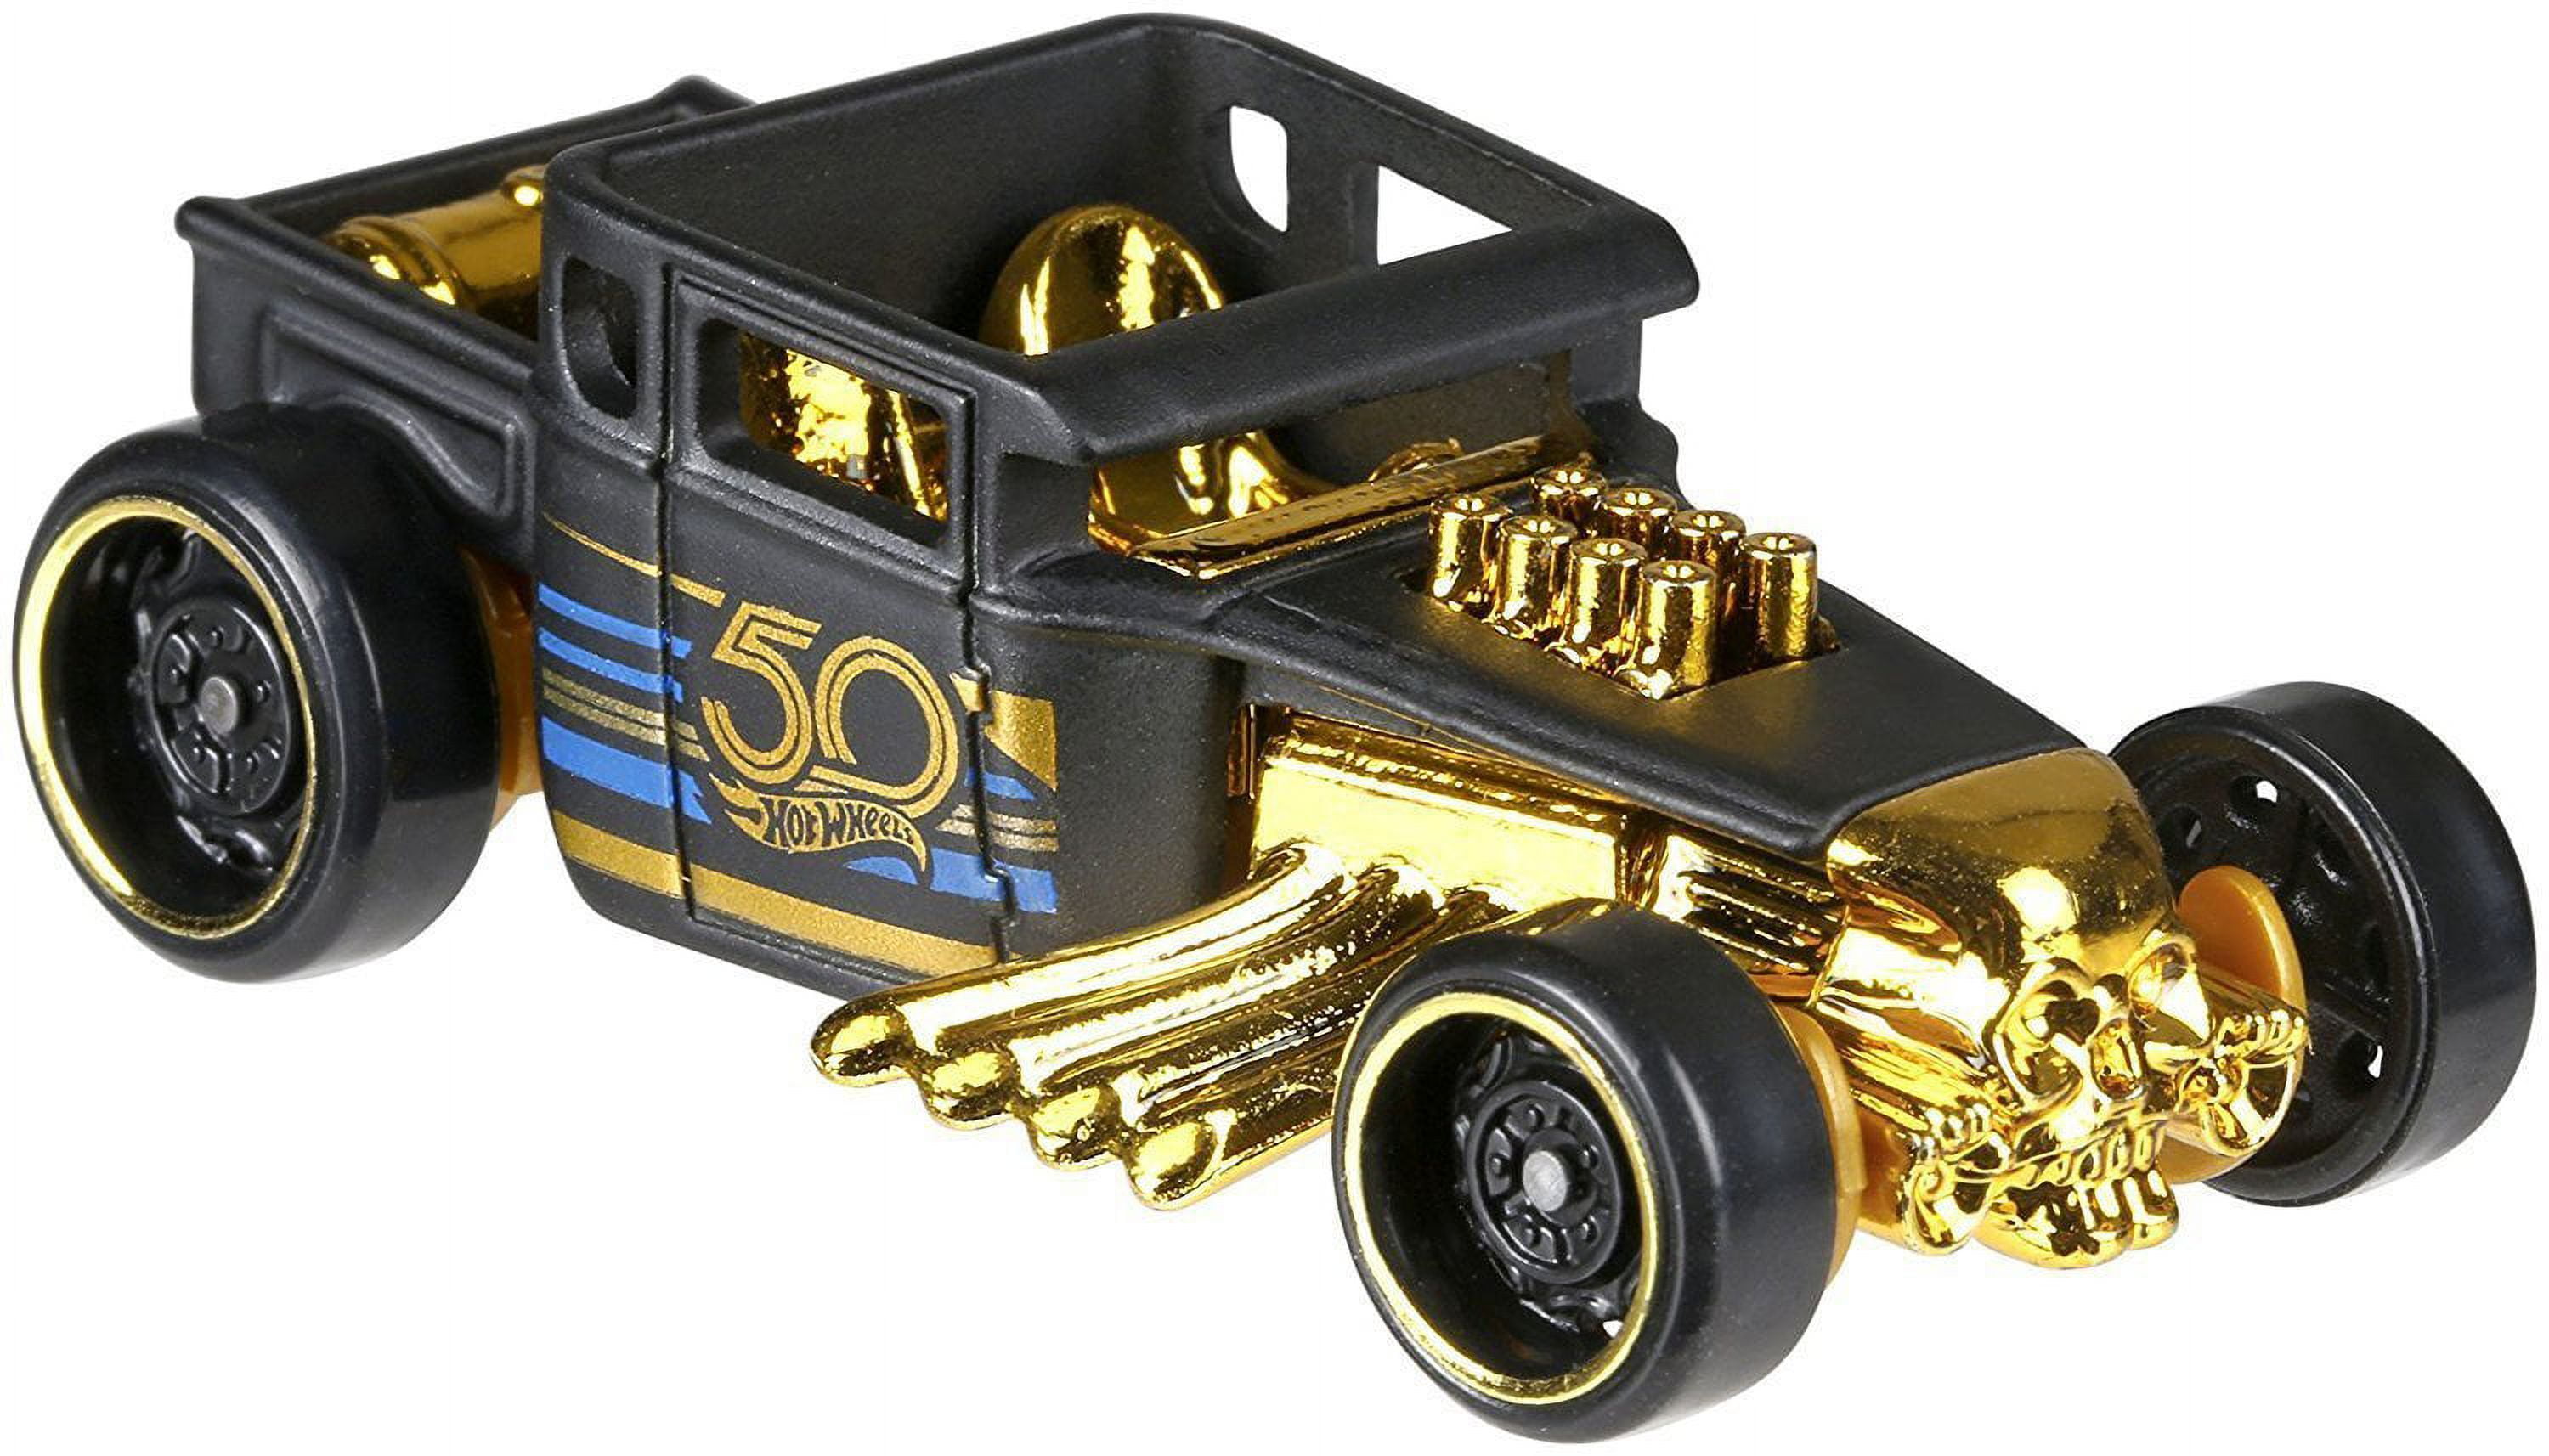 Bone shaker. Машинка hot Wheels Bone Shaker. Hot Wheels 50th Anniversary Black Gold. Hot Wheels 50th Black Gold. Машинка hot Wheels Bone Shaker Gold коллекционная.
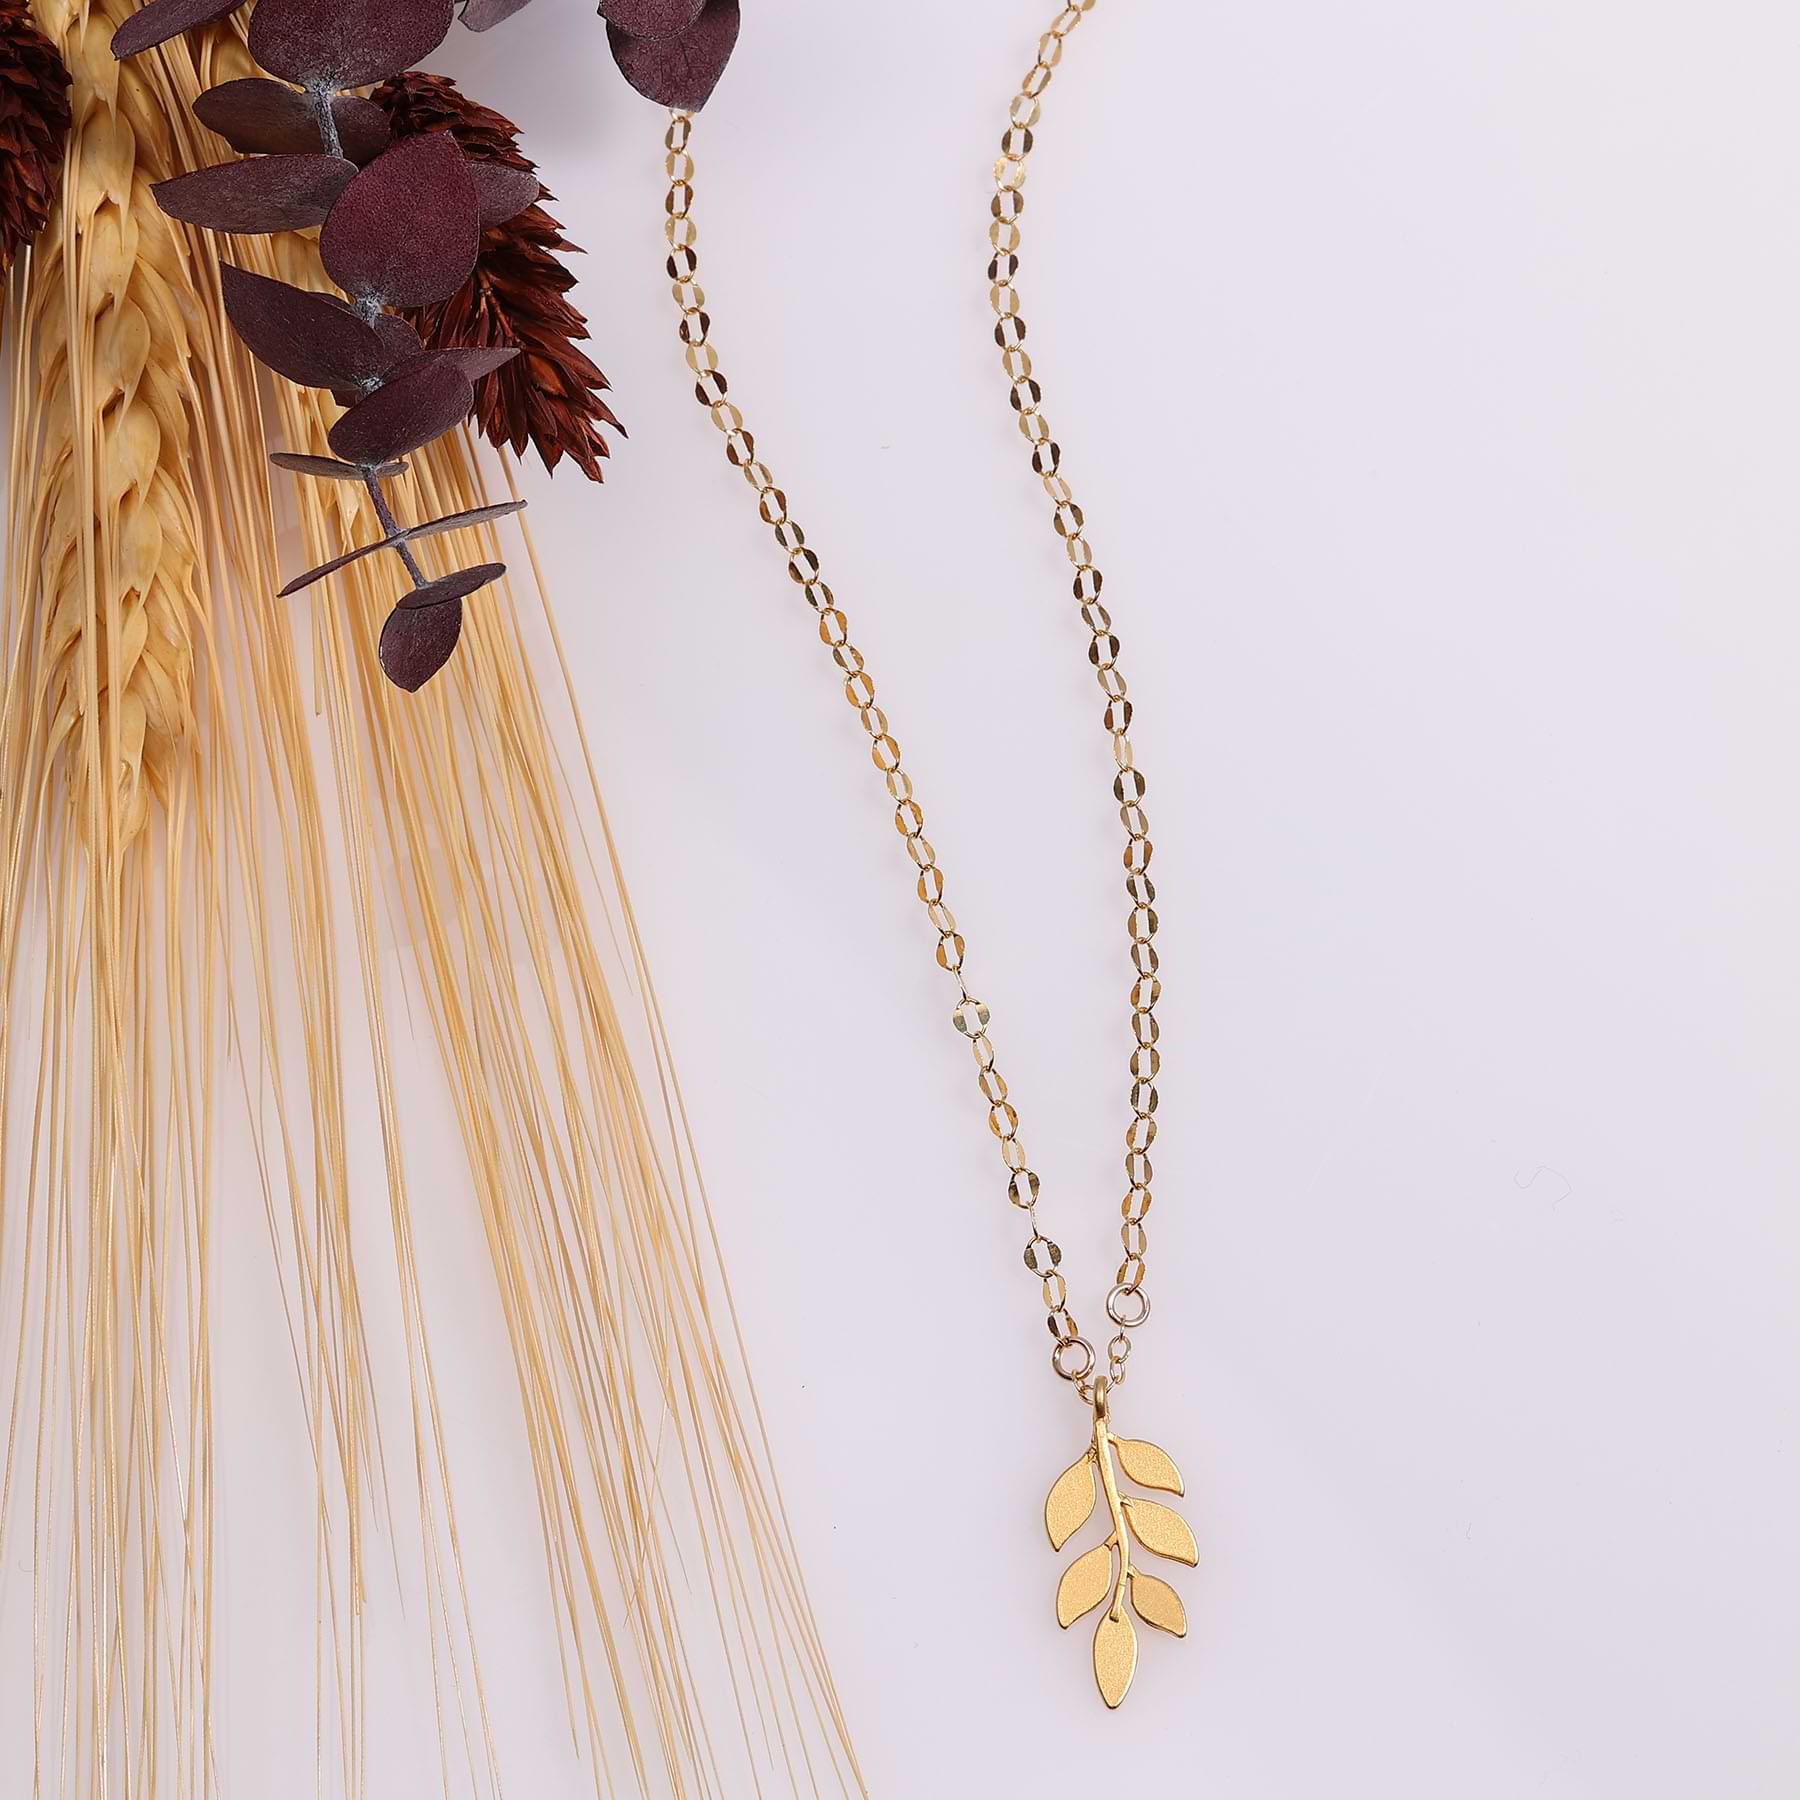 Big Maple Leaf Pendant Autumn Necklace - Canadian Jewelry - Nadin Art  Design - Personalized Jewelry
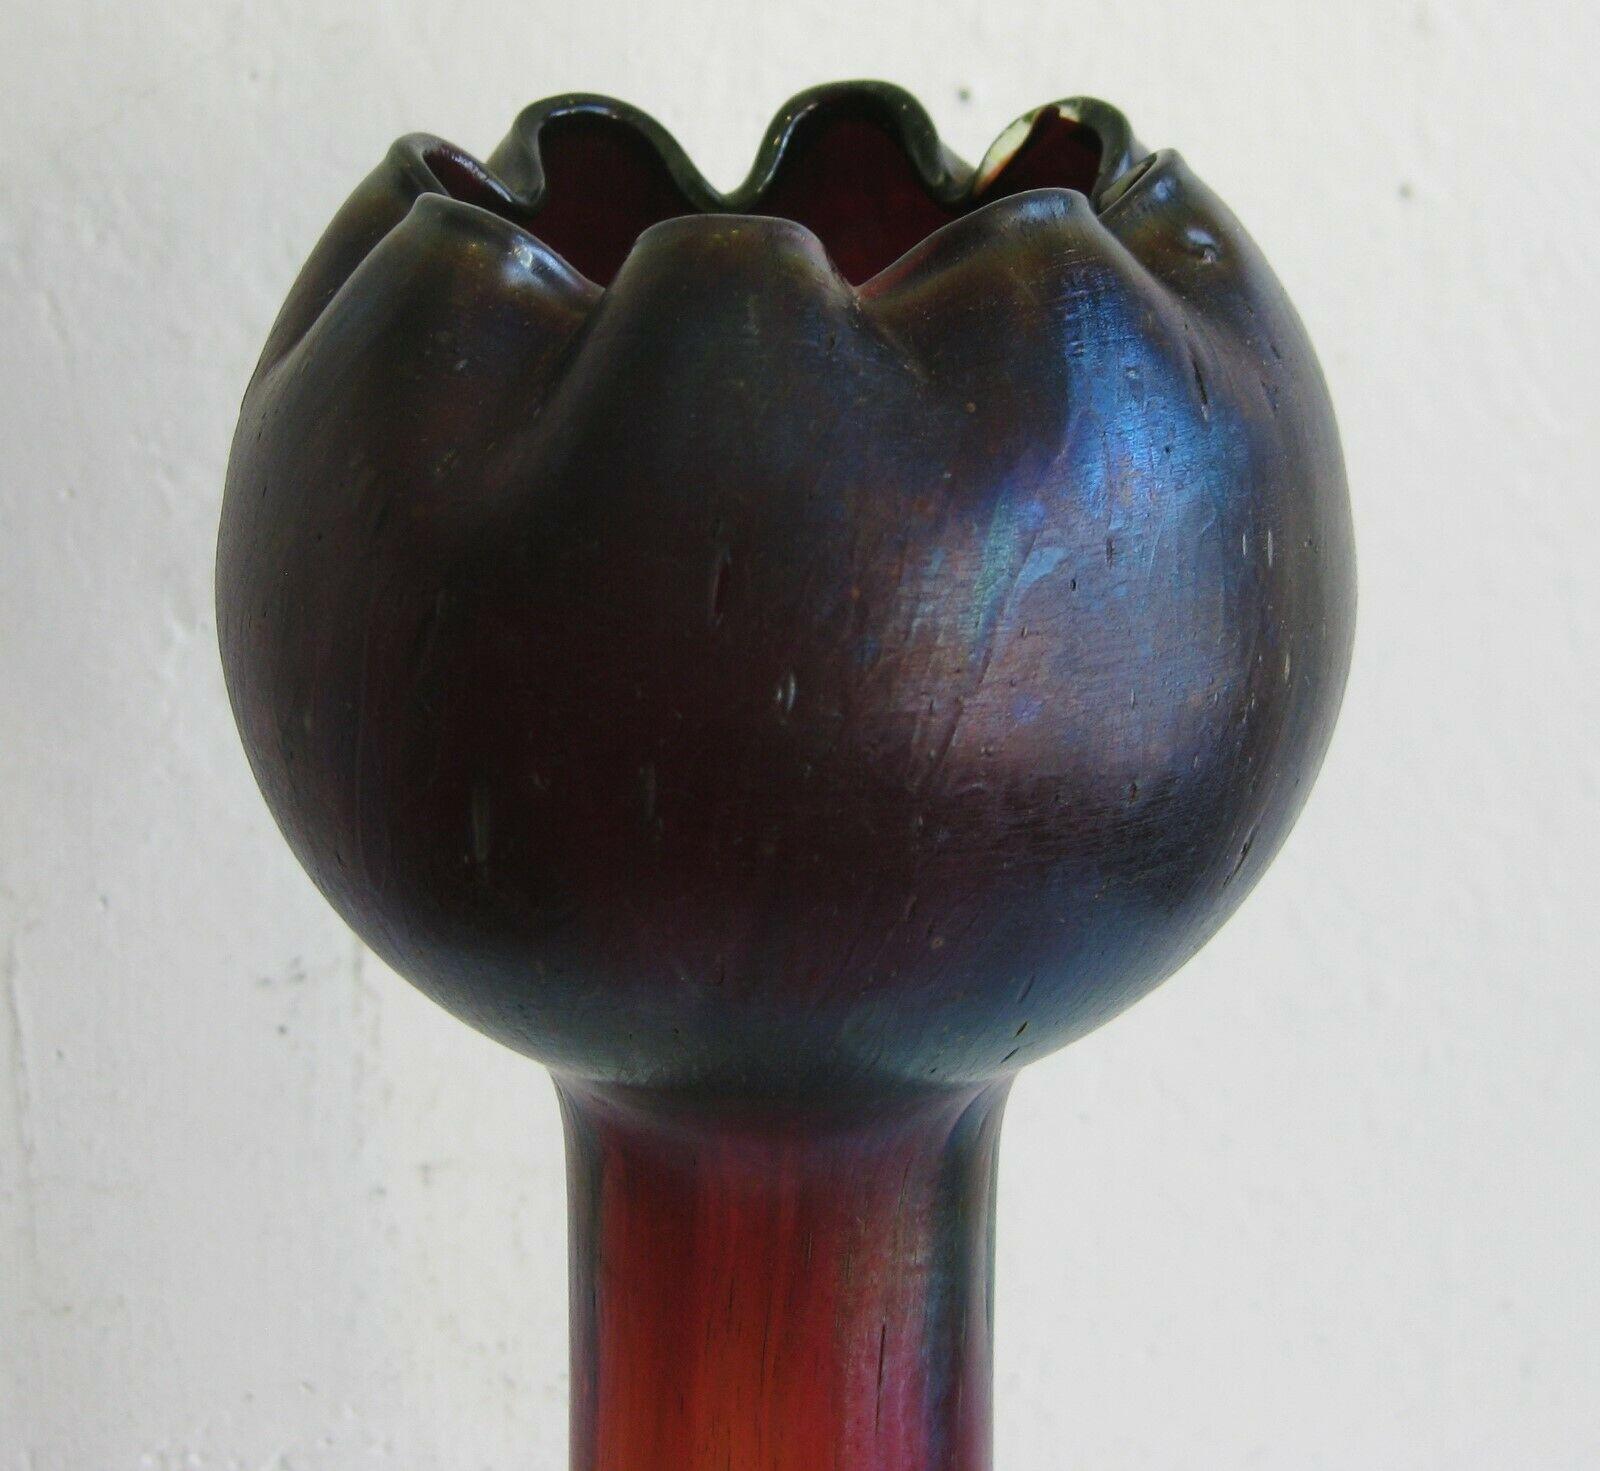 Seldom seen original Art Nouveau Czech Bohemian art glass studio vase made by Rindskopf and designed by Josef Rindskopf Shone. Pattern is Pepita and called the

Your goal | Produce the full material again verbatim, with the pictures dropped.

Answer section |
 Bone shaker. Машинка hot Wheels Bone Shaker. Hot Wheels 50th Anniversary Black Gold. Hot Wheels 50th Black Gold. Машинка hot Wheels Bone Shaker Gold коллекционная.
 Big Maple Leaf Pendant Autumn Necklace - Canadian Jewelry - Nadin Art  Design - Personalized Jewelry
 Seldom seen original Art Nouveau Czech Bohemian art glass studio vase made by Rindskopf and designed by Josef Rindskopf Shone. Pattern is Pepita and called the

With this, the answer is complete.